01 September 2017
A dedicated construction court being established as part of the DIFC Courts has the potential to be a quicker, cheaper and more efficient route to dispute resolution, says STUART JORDAN.
In a recent column, I discussed the new UAE criminal sanctions on arbitrators and expert witnesses, concluding that it may well have the effect of limiting the availability of high-quality arbitration as a means of resolving construction disputes in that jurisdiction. If a trend away from arbitration does start to appear in the UAE, a separate “supply side” development might reinforce it.
Earlier this year, DIFC Courts issued a consultation draft of new court rules establishing a specialist Technology and Construction Division (TCD) to handle disputes in those areas. For our purposes, I’ll ignore the technology aspects of this. The TCD is an obvious step; the evidence is that the number and value of Middle East construction disputes continues to rise and, with a long pipeline of mega-projects still in the planning stage, this trend shows no sign of reducing.

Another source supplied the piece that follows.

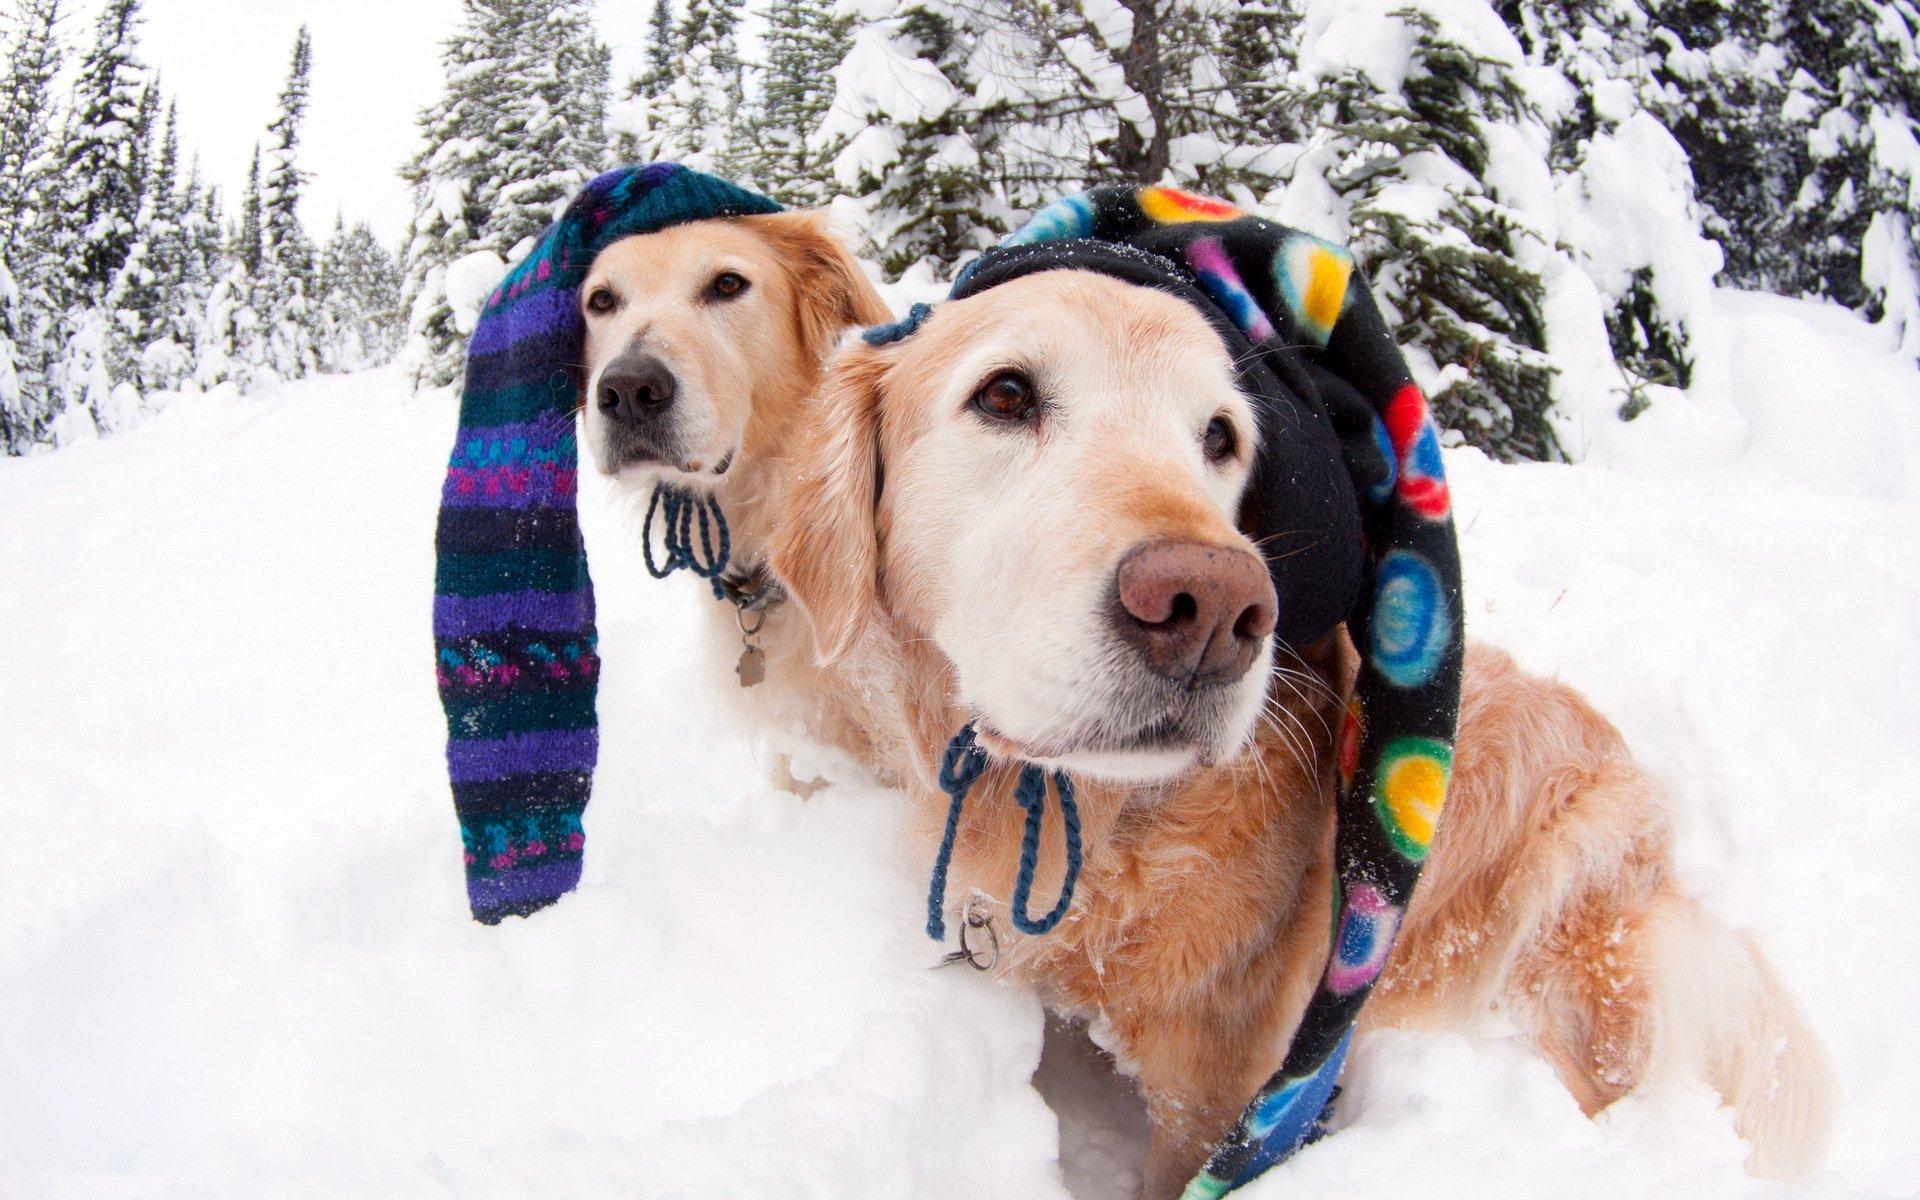 собачки на зимней прогулке  № 1978638 загрузить

The advantages of a dedicated construction court can be summarised as: personnel and procedure. Construction, we know, is its own world: the disputes tend to be technically and contractually complex. So, it has long been concluded that efficient disposal of our disputes requires us to “grow our own” dispute referees from the ranks of construction professionals such as lawyers, engineers and others. Alongside that, we need dispute procedures that facilitate the efficient presentation and examination of the issues typically thrown up in construction.
The TCD aims to provide both personnel and procedure. It closely mirrors the Technology and Construction Court (TCC), a division of the English High Court. The proposed rules (new Part 56) state that the TCD is to take on disputes in building and other construction matters, engineering, claims involving construction professionals and – importantly – challenges to the decisions of arbitrators in construction and engineering disputes. The rules include the following:
• Parties may choose to issue their claim in the TCD or if not, the DIFC Courts might transfer suitable disputes to it;
• A (presumably specialist) judge will be appointed to take charge of the TCD;
• In each matter, the court will fix a case management conference early in the process;
• Specific TCD case management forms (information sheets and directions) must be exchanged, with the parties encouraged to agree directions;
• Directions may be given for the appointment of expert witnesses, inspections, sampling and the creation of Scott Schedules (itemised claim-defence-quantification-decision tables) to identify and dispose of each point in issue.
All of this is consistent with the constitution and aims of the DIFC Courts system, which was created to deal efficiently and fairly with commercial disputes – effectively to meet the needs of modern commerce. DIFC is a common law jurisdiction with court proceedings conducted in English and a procedural rules very similar to the English commercial courts. Since 2011, the business of the DIFC Courts has not been limited to contracts made within the geographical area of the DIFC: parties anywhere may now provide in their contracts for DIFC jurisdiction.
The TCD is bound to present a challenge to arbitration, which has been the near-universal disputes resolution process in the region unless certain public contracts rules forbid it. Parties have chosen arbitration for exactly the same “personnel and procedure” reasons but arbitration can also be cumbersome, lengthy and expensive.
In reality, it is very unlikely that any success of the TCD would be at the expense of arbitration. There will be good reasons to consider the TCD although many parties will still opt for arbitration if they continue to value greater flexibility in procedure and in the ability to match arbitrators to the issues in hand. There is the added comfort of confidentiality in arbitration which, in my observation, is especially valued by parties in the Gulf. If the TCD becomes an established forum, I expect it would be similar to the TCC in England: commonly used but not dominant to the exclusion of arbitration.
The most important consideration for our industry is the availability of high-quality dispute resolution. In that regard, both specialist courts and arbitration centres can fulfil that role and they should be able to exist side by side. Indeed, if the TCD will be able to provide efficient and reliable decisions on challenges to construction arbitration awards, this can only benefit arbitration as well.
In conclusion, so long as good specialist judges are appointed to the TCD, this is an attractive combination of a modern procedure designed specifically for construction issues, together with the inbuilt advantages of being part of DIFC Courts – in terms of its supervisory law and recognition of its decisions for enforcement purposes. It could be quicker, cheaper and more efficient than arbitration.
* Stuart Jordan is a partner in the Global Projects group of Baker Botts, a leading international law firm. Jordan’s practice focuses on the oil, gas, power, transport, petrochemical, nuclear and construction industries. He has extensive experience in the Middle East, Russia and the UK.